Courts typically invoke primary jurisdiction when an agency has indicated that it is actively investigating a technical issue raised in the litigation and that rulemaking or further regulatory guidance on the issue is expected.
In recent years, defendants in consumer fraud actions have found success invoking the primary jurisdiction doctrine when there is evidence that the FDA is actively considering regulating a particular type of ingredient or labeling claim.[4]
For example, many courts granted stays on primary jurisdiction grounds of consumer class actions challenging use of the term "natural" on food product labels after the FDA issued a request for comment regarding use of that term in labeling.[5] These decisions include the 2019 Hawyuan Yu v. Dr Pepper Snapple Group Inc. case in the U.S. District Court for the Northern District of California.
Similarly, such as in the 2021 DaSilva v.

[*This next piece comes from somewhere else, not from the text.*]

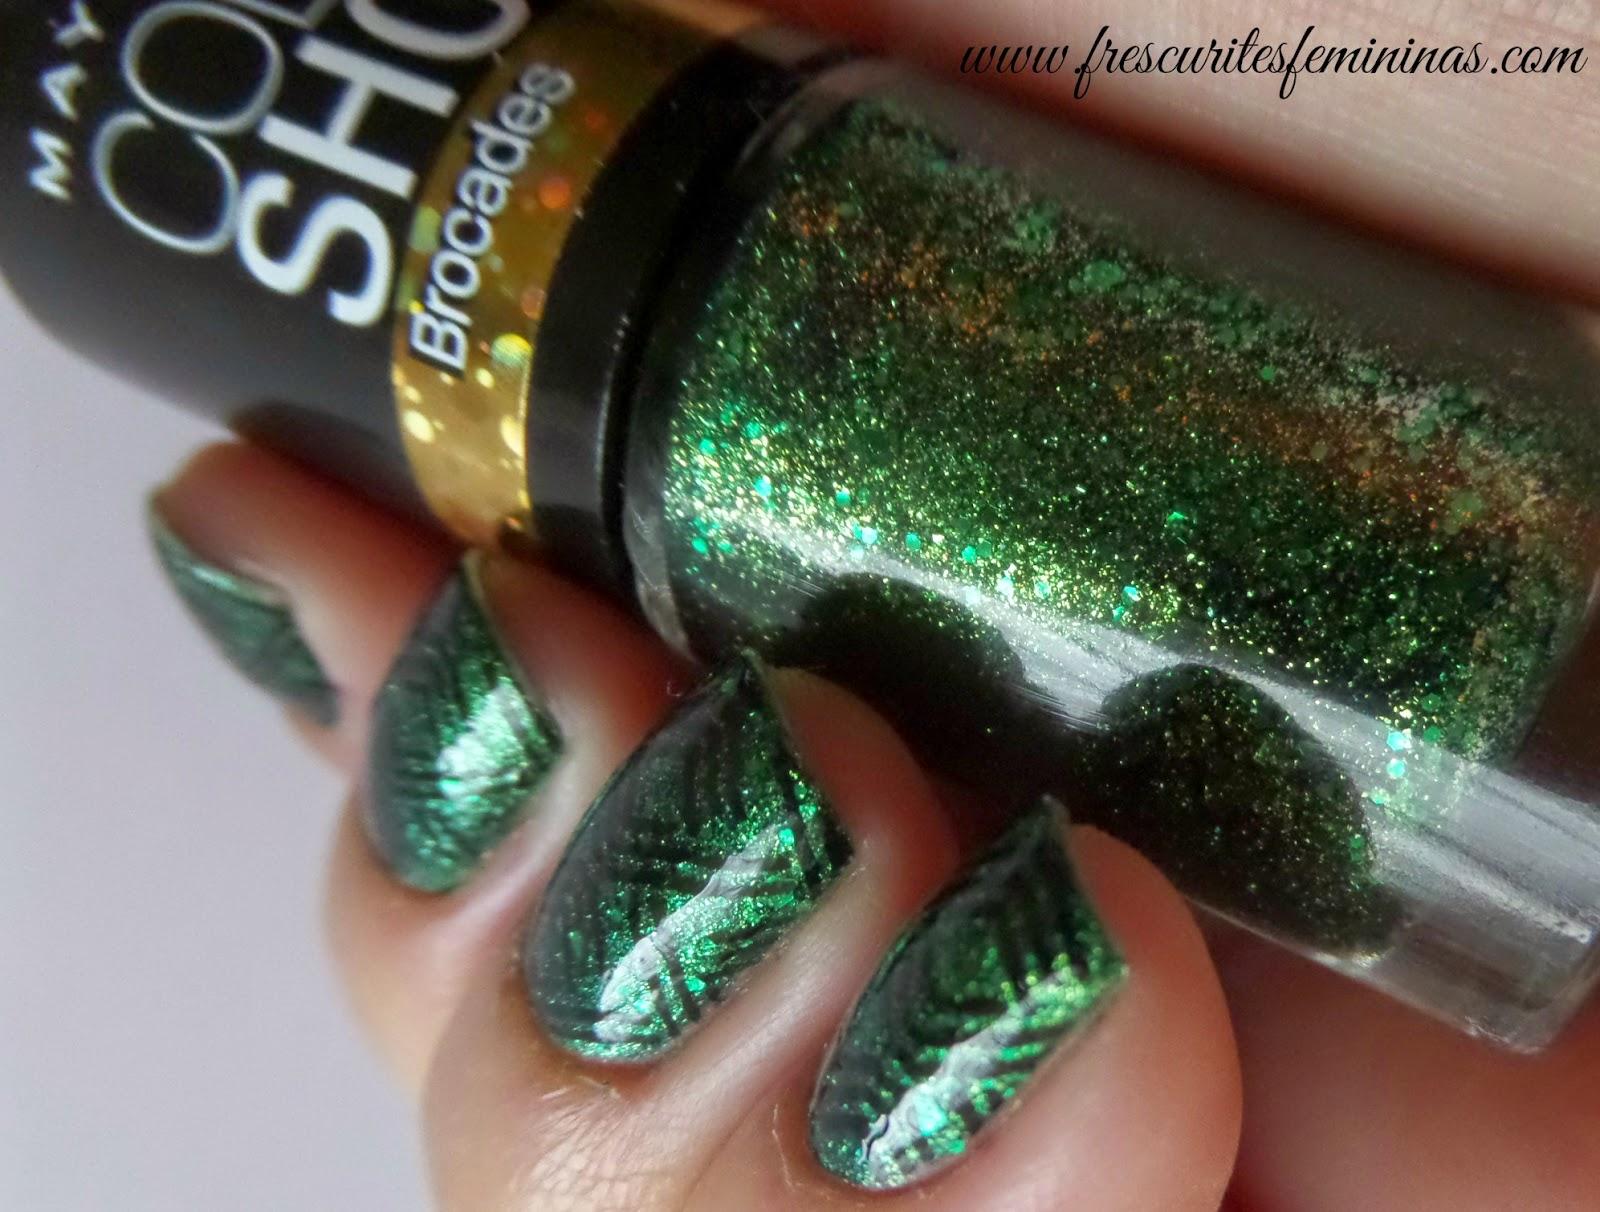 Maybelline, Emerald Elegance, Frescurites Femininas, Brocades, Mundo de Uñas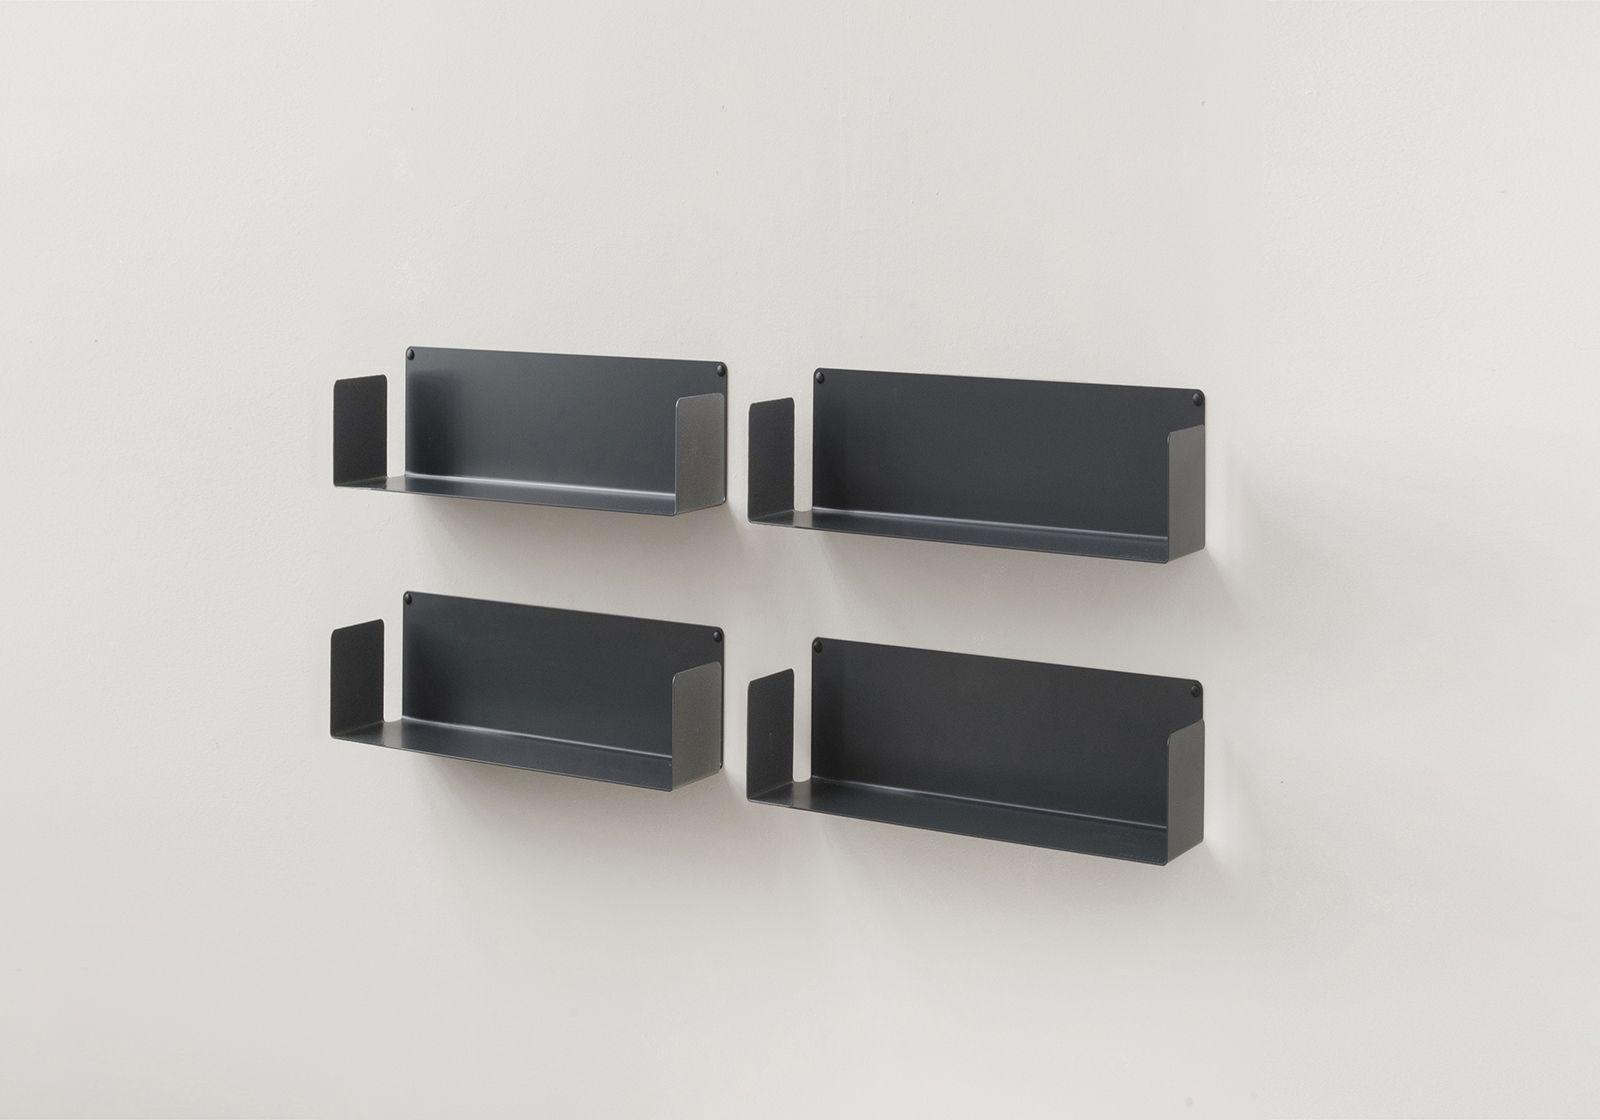 CD shelves - Set of 4 USCD

Infinite Product Company LLC case in the U.S. District Court for the Central District of California, courts stayed consumer class actions challenging the labeling of products infused or made with cannabidiol on the grounds that the FDA was actively considering developing regulations for those products.[6]
Most recently, several courts have dismissed, on primary jurisdiction grounds, consumer challenges to the presence of heavy metals in baby foods due to the FDA's announcement of a plan to identify what levels of heavy metals in baby foods are unsafe.[7] For example, last month, the U.S. District Court for the Northern District of New York dismissed In re: Beech-nut Nutrition Company Baby Food Litigation.
In light of this precedent, it seems likely that courts faced with PFAS- or talc-related labeling challenges will be inclined to follow suit to enable the FDA to fulfill MOCRA's charge, thereby providing defendants with, at the very least, some significant breathing room while the FDA does its work.
And once FDA guidance and regulations are released, defendants will likely be well-positioned to defeat PFAS- or talc-related consumer class actions on preemption grounds given FDA's pronouncements on these exact issues.
In sum, MOCRA provides the FDA with new tools and resources to ensure that cosmetic ingredients are safe and effective.
And while the FDA performs its analysis, manufacturers can rely on the doctrines of primary jurisdiction and preemption to fend off PFAS- or talc-related consumer class actions, which seek to require labeling disclosures that may differ from those FDA has in mind.
All told, this is a positive development for consumers and manufacturers, and an important step in promoting uniform labeling requirements for cosmetics containing PFAS and talc.